Path to log file location.

-LoggingLevel <SourceLevels>

The log level used to determine the type of logs that need to be written to the log file.

The following are the possible values for LoggingLevel:

  • ActivityTracing
  • All
  • Critical
  • Error
  • Information
  • Off
  • Verbose
  • Warning

-Confirm [<SwitchParameter>]

Prompts you for confirmation before executing the command.

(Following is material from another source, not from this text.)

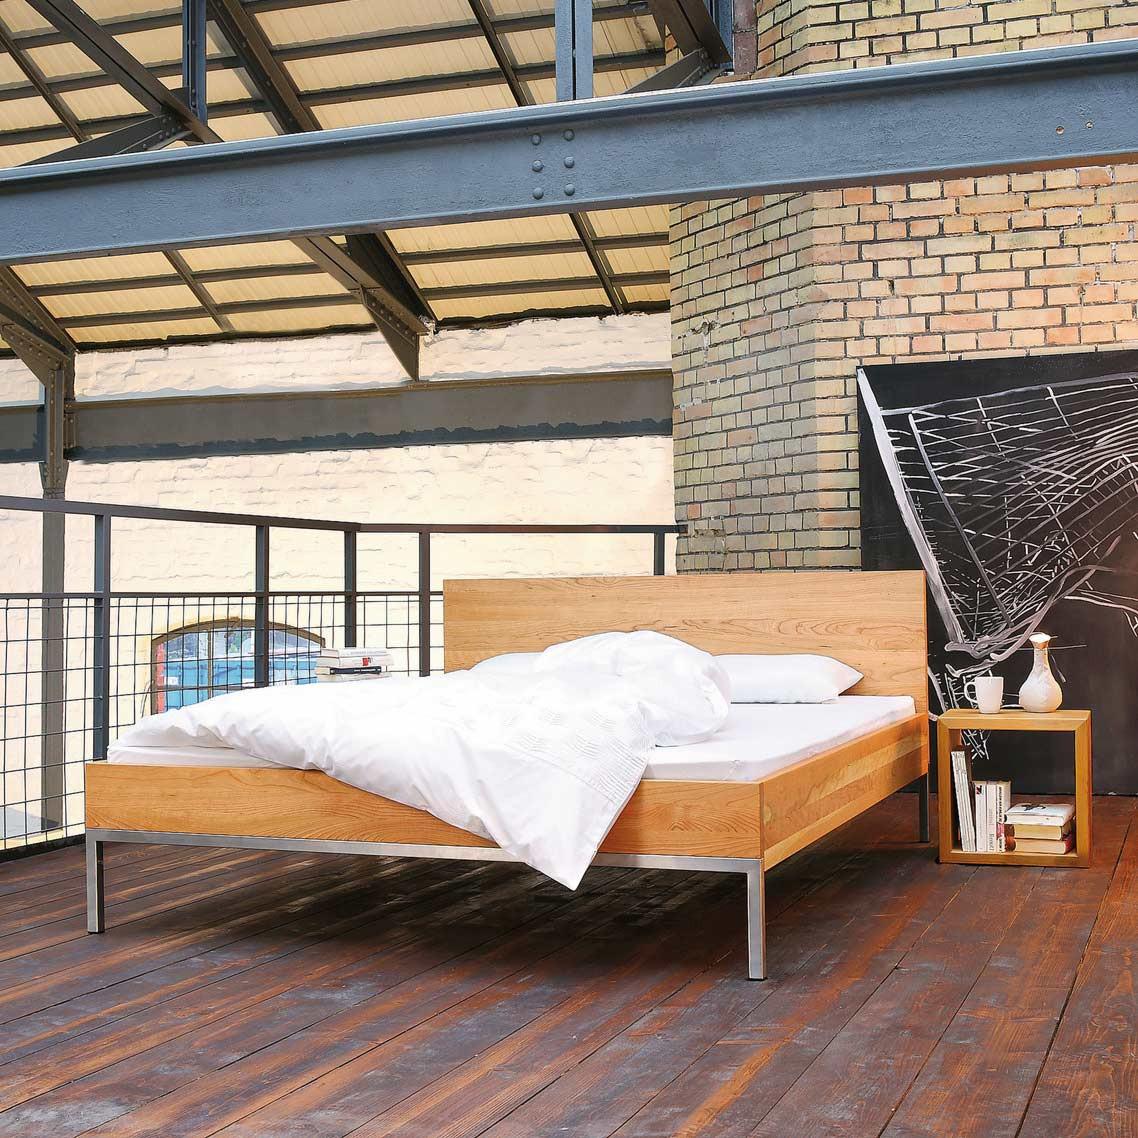 bettgestell 160x200 preisvergleich die besten angebote online kaufen. Black Bedroom Furniture Sets. Home Design Ideas
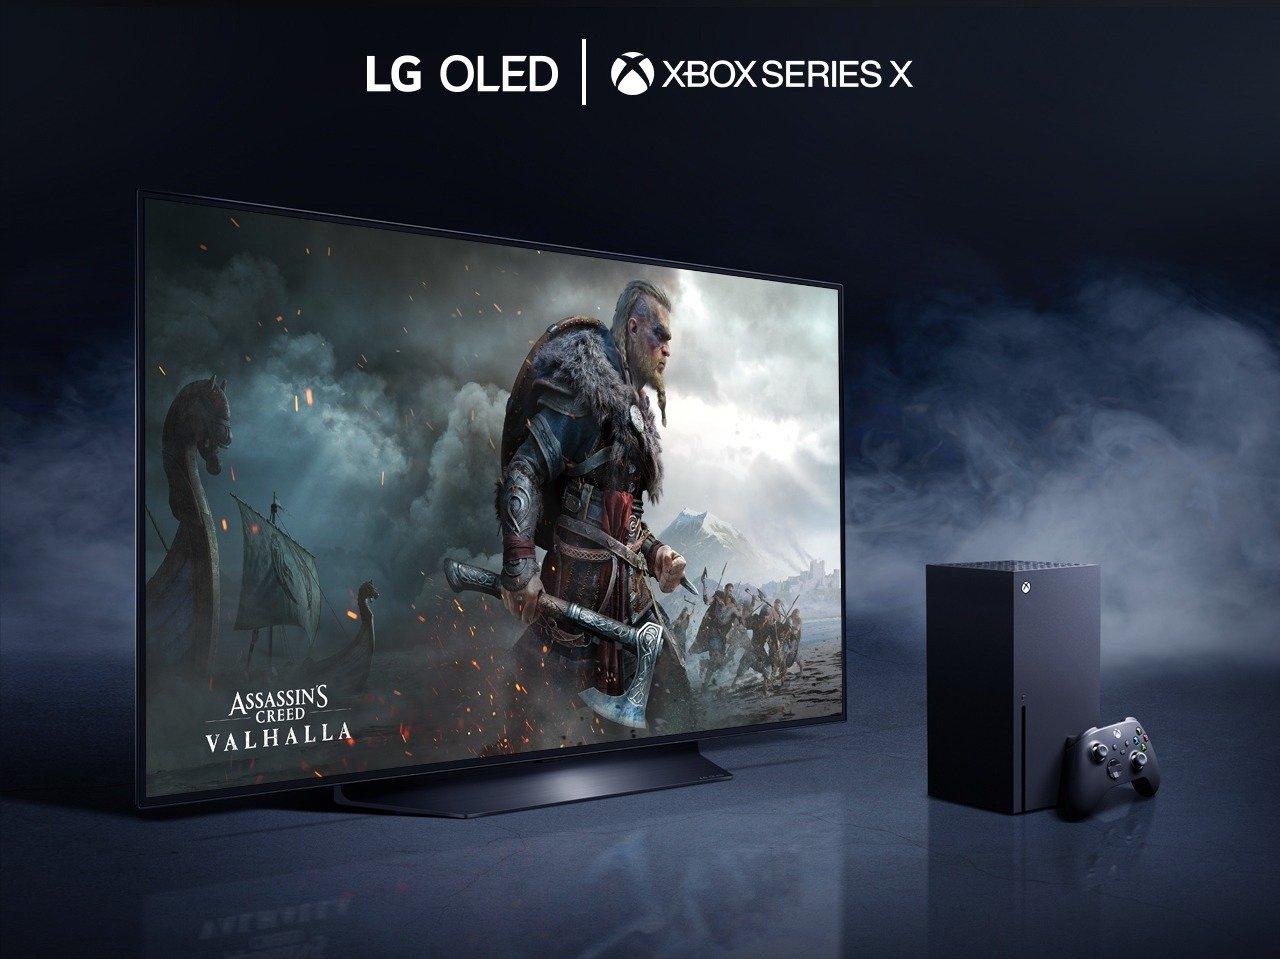 Telewizor LG OLED i konsola Xbox Series X gwarantują najwyższy poziom satysfakcji z gier

-WhatIf [<SwitchParameter>]

Describes what would happen if you executed the command without actually executing the command.

<CommonParameters>

This cmdlet supports the common parameters: Verbose, Debug, ErrorAction, ErrorVariable, WarningAction, WarningVariable, OutBuffer, PipelineVariable, and OutVariable. For more information, see about_CommonParameters.

Example 1

C:\PS>Switch-MdmDeviceAuthority -Credential $creds -DeviceIds $deviceIds

  DeviceId       : 62e6ea43-18f8-4278-bcd4-a4baed2c6d24
  Success        : True
  FailureReason  :
  NewAuthority   : Intune
  CompletionTime : 11/15/2017 8:00:11 PM

Description

-----------

Successfully switched the management authority of the device from Configuration Manager to Intune.

REMARKS

  • To see the examples, type: get-help Switch-MdmDeviceAuthority -examples
  • For more information, type: get-help Switch-MdmDeviceAuthority -detailed
  • For technical information, type: get-help Switch-MdmDeviceAuthority -full
  • For online help, type: get-help Switch-MdmDeviceAuthority -online

Next steps

After you migrate users and test Intune functionality, consider whether you're ready to change the MDM authority of your Intune tenant from Configuration Manager to Intune.